SIS has been utilized in fields, including electronics, energy storage, and catalysis, for its ability to modify material properties. SIS is sometimes referred to as "multiple pulsed vapor-phase infiltration" (MPI), "vapor phase infiltration" (VPI) or "sequential vapor infiltration" (SVI).

SIS involves the 3D distribution of functional groups in polymers, while its predecessor, ALD, is associated with the two-dimensional distribution of reactive sites on solid surfaces. In SIS, the partial pressures and exposure times for the precursor pulse are typically larger compared to ALD to ensure adequate infiltration of the precursor into the three-dimensional polymer volume through dissolution and diffusion. The process relies on the diffusive transport of precursors within polymers, with the resulting distribution influenced by time, pressure, temperature, polymer chemistry, and micro-structure.

== History ==
The diffusion of precursors below the surfaces of polymers during ALD was observed in 2005 by the Steven M. George group when they observed that polymers could uptake trimethylaluminium (TMA) via absorption within their free volume. In the study, the interactions between the ALD precursors and the polymer functional groups were not recognized, and the diffusion of precursors into polymer films was considered a problem. Hence, the diffusion and reactions of ALD precursors into polymer films were considered challenges to address rather than opportunities. However, potential benefits of these phenomena were demonstrated by Knez and coworkers in a 2009 report describing the increased toughness of spider silk following vapor-phase infiltration.

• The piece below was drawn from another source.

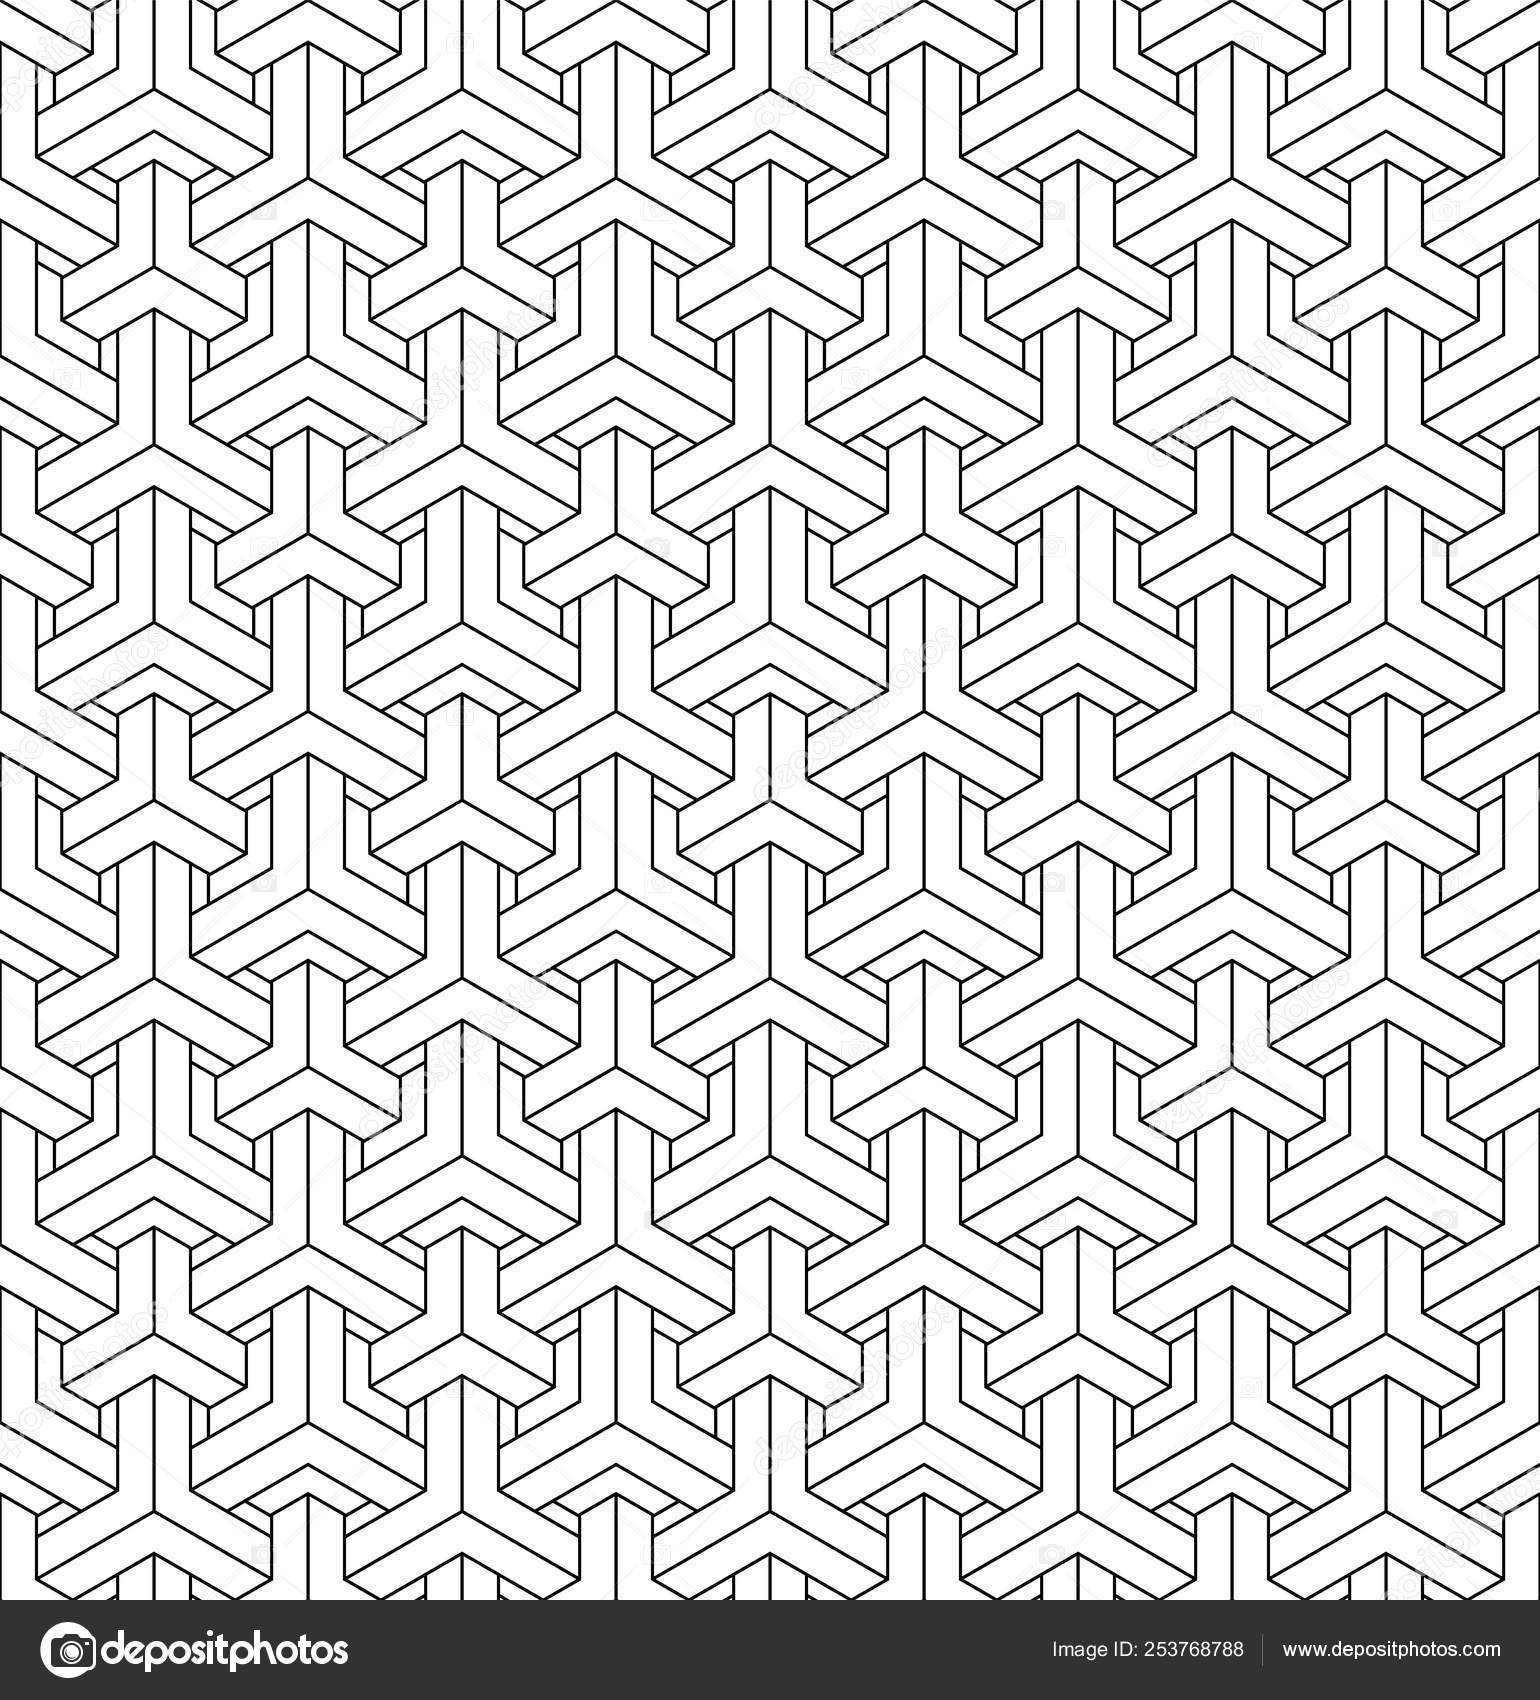 Seamless geometric pattern based on japanese pattern kumiko. — Free ...

Sequential infiltration synthesis (SIS) was developed by Argonne National Laboratory scientists Jeffrey Elam and Seth Darling in 2010 to synthesize nanoscopic materials starting from block copolymer templates. A patent application was filed in 2011 and the first patent was issued in 2016. SIS involves vapour diffusing into an existing polymer and chemically or physically binding to it. This results in the growth and formation of inorganic structures by selective nucleation throughout the bulk polymer.

With SIS, the shapes of various inorganic materials can be tailored by applying their precursor chemistries to patterned or nano-structured organic polymers, such as block copolymers. SIS was developed to intentionally enable the infusion of inorganic materials such as metal oxides and metals within polymers to yield hybrid materials with enhanced properties. Hybrid materials created via SIS can further be subjected to thermal annealing steps to remove the polymer constituents entirely to derive purely inorganic materials that maintain the structure of the original polymer morphology, including mesoporosity.

Although the early research in SIS focused on a small number of inorganic materials such as Al_{2}O_{3}, TiO_{2}, and ZnO, the technology diversified over the next decade and came to include a wide variety of both inorganic materials and organic polymers, as detailed in reviews.

== Principles and process ==
SIS is based on the consecutive introduction of different precursors into a polymer, taking advantage of the material's porosity on the molecular scale. This allows the precursors to diffuse into the material and react with specific functional groups located along the polymer backbone or pendant group. Through the selection and combination of the precursors, a rich variety of materials can be synthesized, each of which can endow unique properties to the material.

The process of SIS involves various key steps, the first of which is materials selection. A suitable substrate material, such as a polymer film, and precursors, typically molecules that can react with the substrate's functional groups, are used for the infiltration synthesis. The pairing of polymer chemistry and precursor species is vital for acquiring the desired fictionalization and modification.

The substrate is placed in a reactor with an inert atmosphere (typically an inert gas or vacuum). The first precursor vapor (e.g., trimethylaluminum, TMA) is introduced at a sufficiently high vapor pressure and duration such that the precursor molecules diffuse into the substrate. Thus the precursor infiltrates the material and then reacts with the interior functional groups.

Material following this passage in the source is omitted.